Martin pointed out a lesson that Ford is known for teaching; when white westerners first encountered Africans, those Africans were regular swimmers, and most white people at that time couldn’t actually swim.
“The breaststroke is an African stroke. All of these things that we take as fact come from a systemic creation,” Martin said. “Without that knowledge, it’s easy to just accept this as the reality, this as something that’s been naturalized over and over and over.”
“So as Evolutionary Aquatics work so hard to correct that narrative — not change that narrative, correct it — we think that our work is a good way to extend that into an experience, because it’s easier to learn something that’s inside of you, inside of your body, than just in your head,” she continued.
Following that experience, Jones and Martin say they hope people will take to heart what they’ve discovered in the larger context of American society.
“I would hope that they take away knowledge, the desire, the yearning to continue or begin swimming,” Jones said.

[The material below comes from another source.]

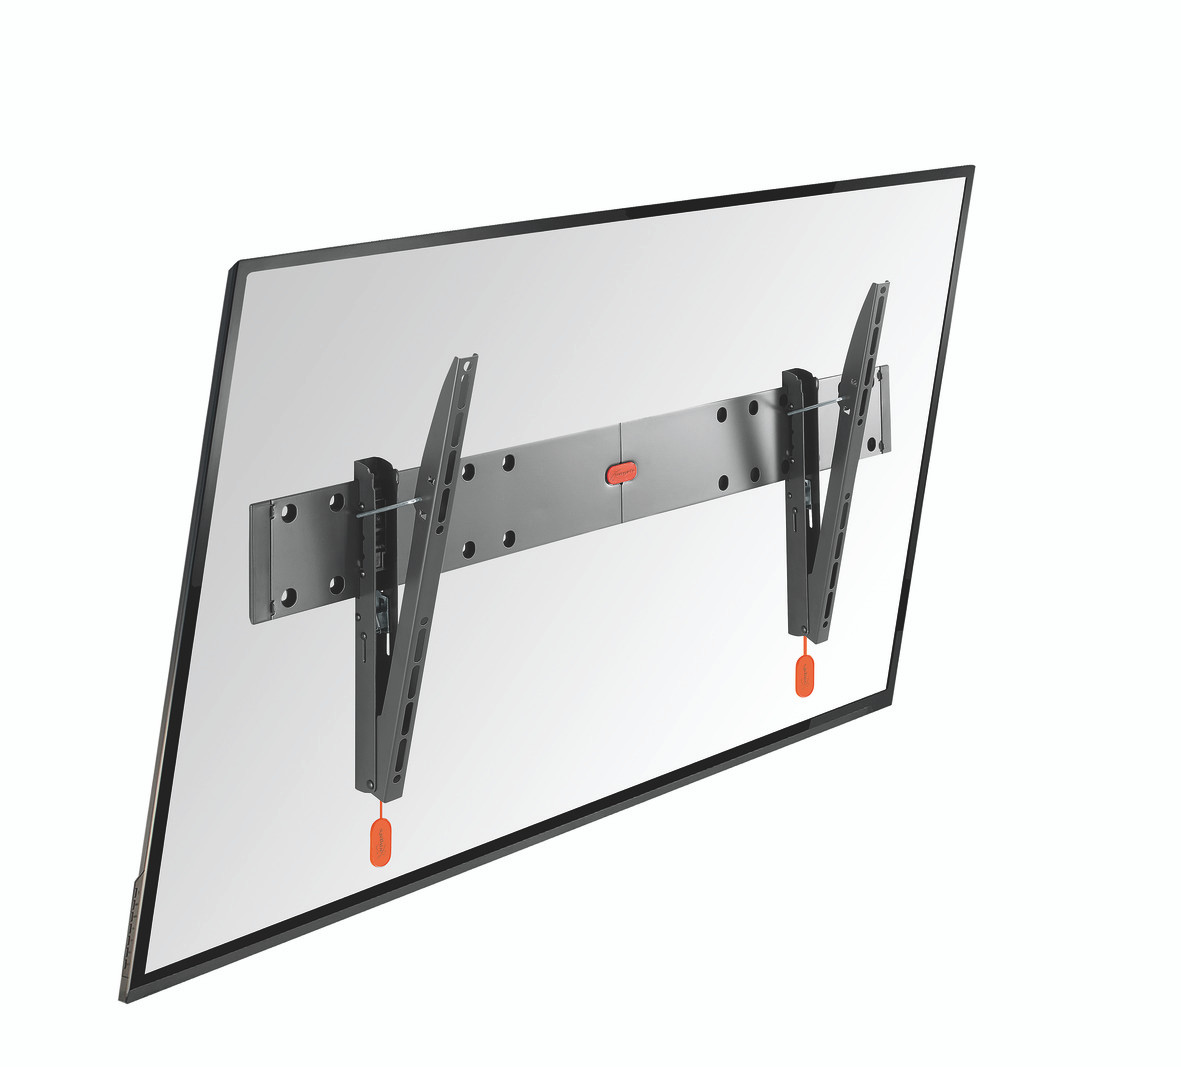 An image of Vogel's Base 15 L Wall Mount for Plasma / LCD / TV 40-65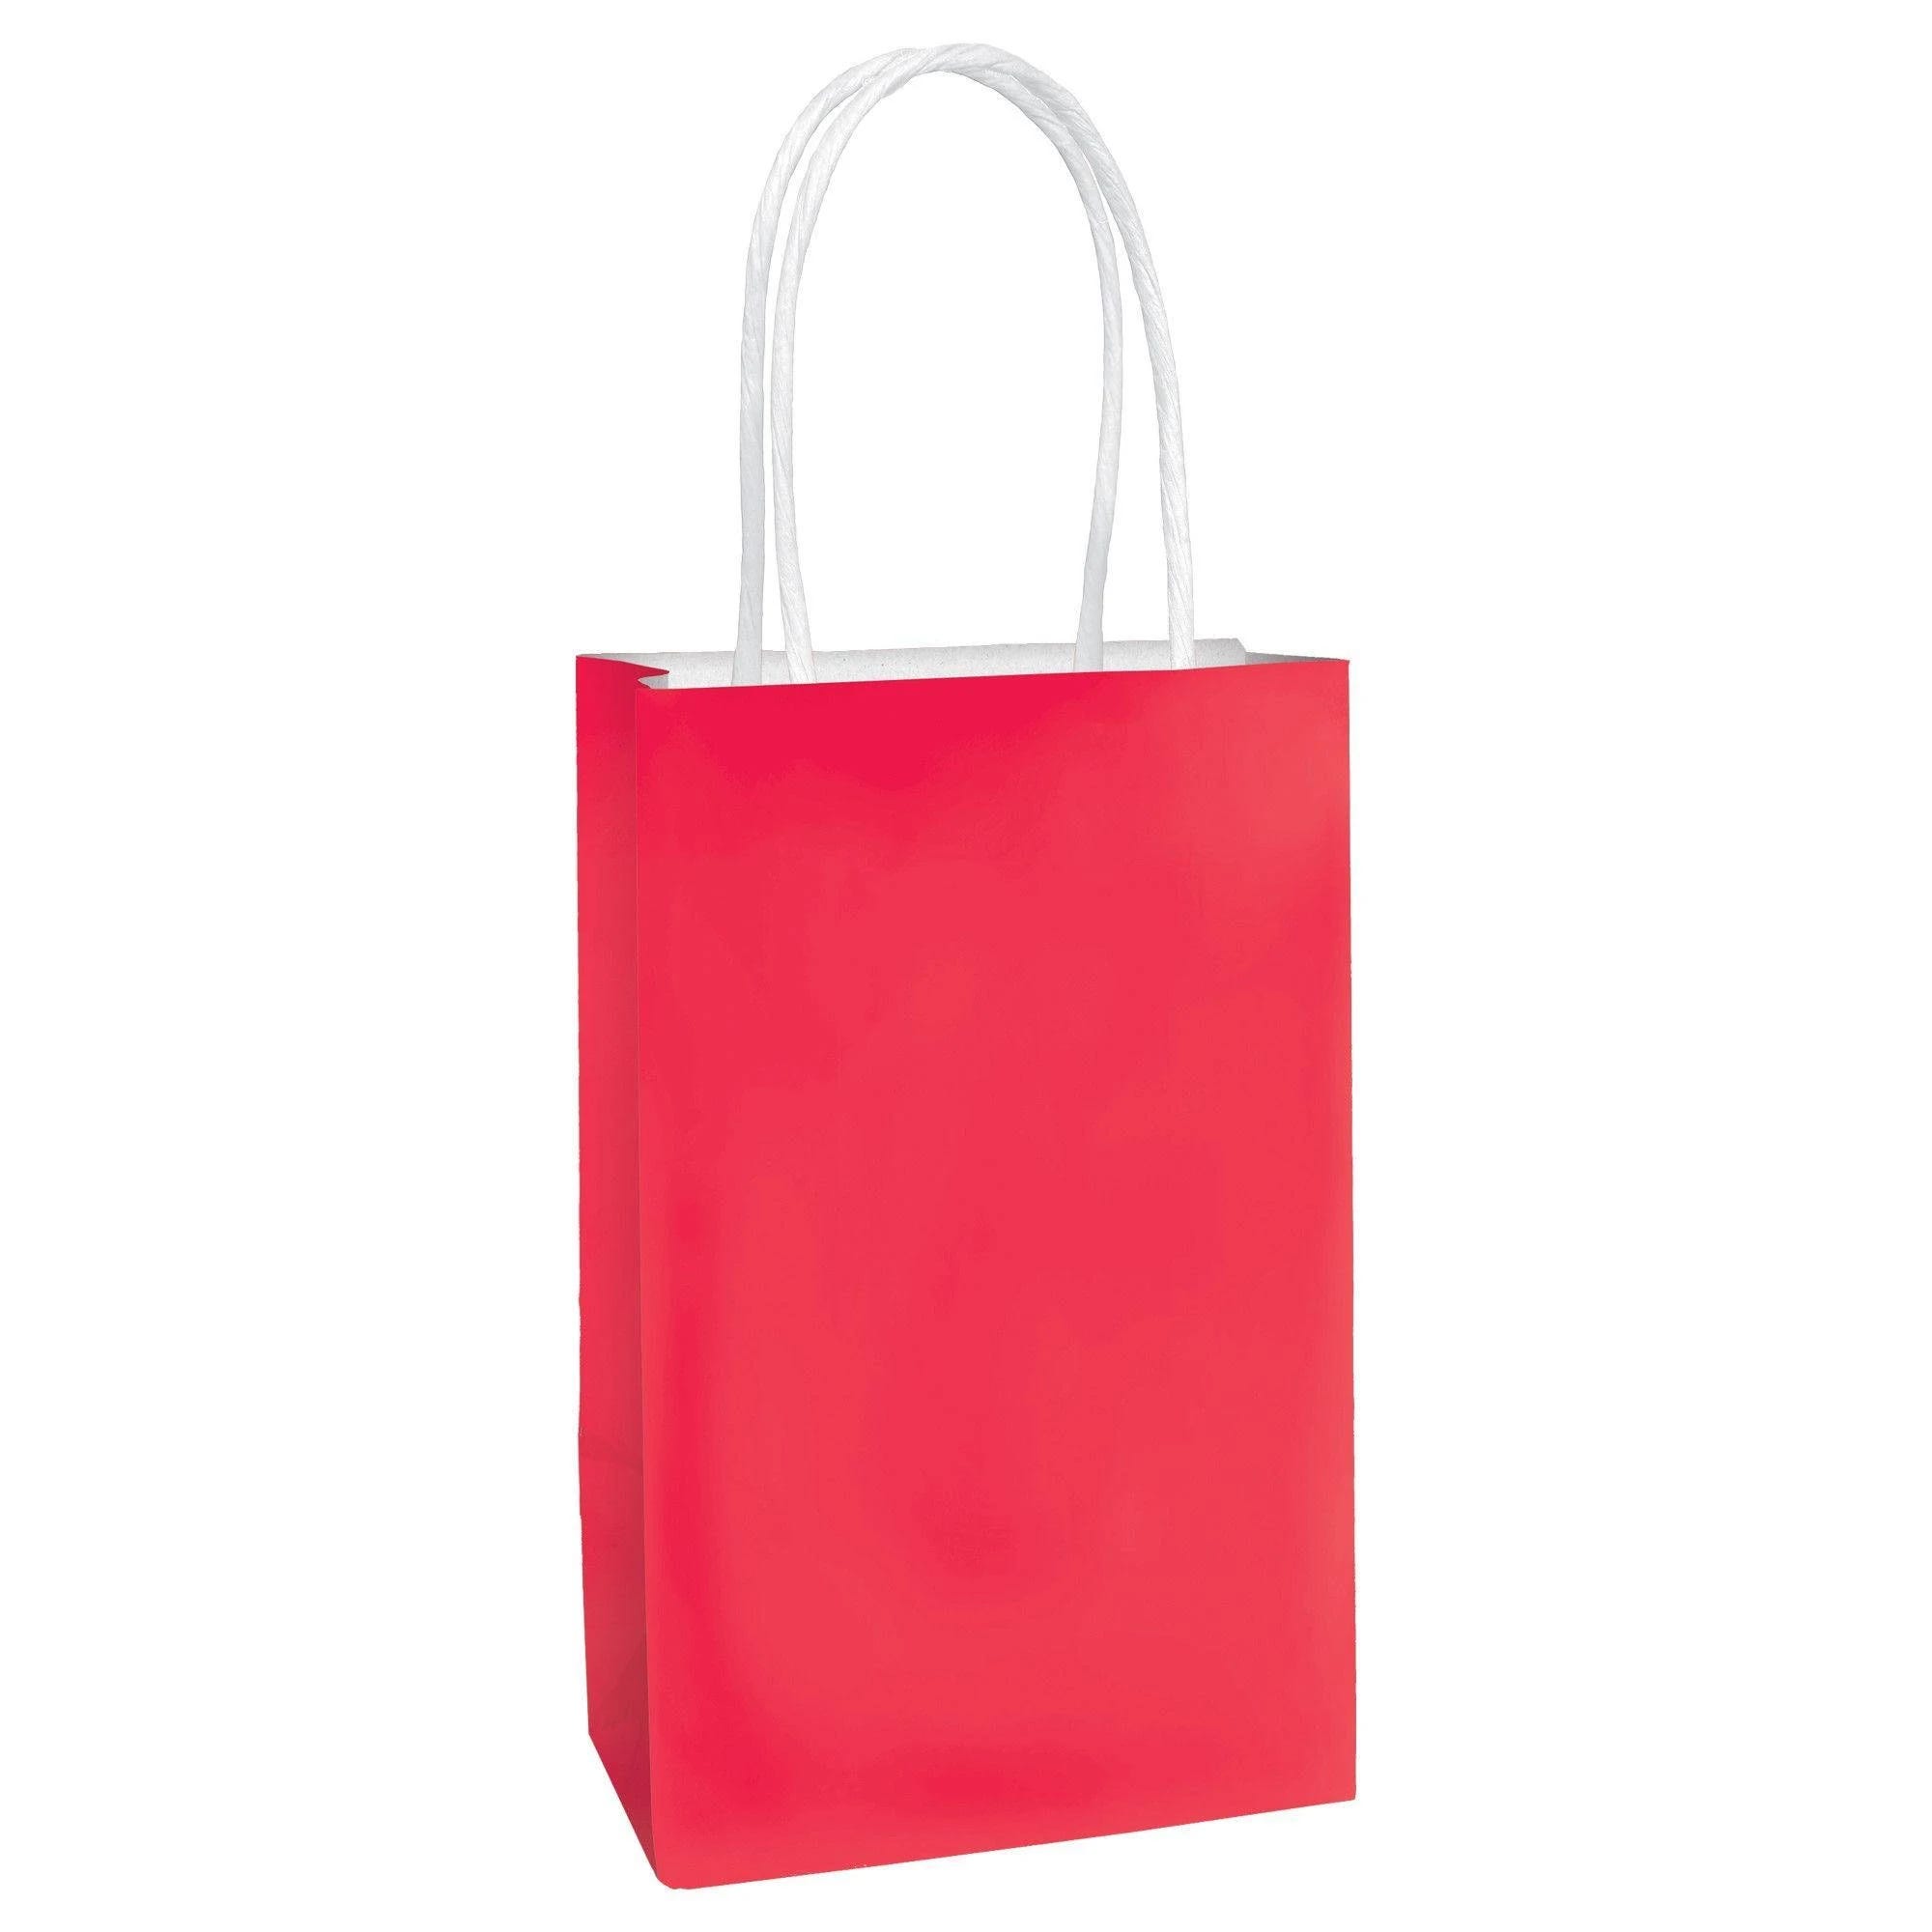 Stylish Red Small Paper Bag | Image

“We want to make sure that people leaving the show connect with Evolutionary Aquatics,” Martin said. “Go take a lesson. Go paddle in the kayak. Go swim at Double Oaks. We really want this to be something that activates and through all of this swimming, we create a community that’s healthy and thriving and joyful and celebratory.”
SwimCap will run from Aug. 18-20, with shows on Friday at 7:30 p.m., Saturday at 2 p.m. and 7:30 p.m., and Sunday at 2 p.m. and 7:30 p.m. It will take place at Brooklyn Grace, formerly Grace A.M.E. Zion Church, located at 219 South Brevard St. in the area of Uptown formerly known as Brooklyn.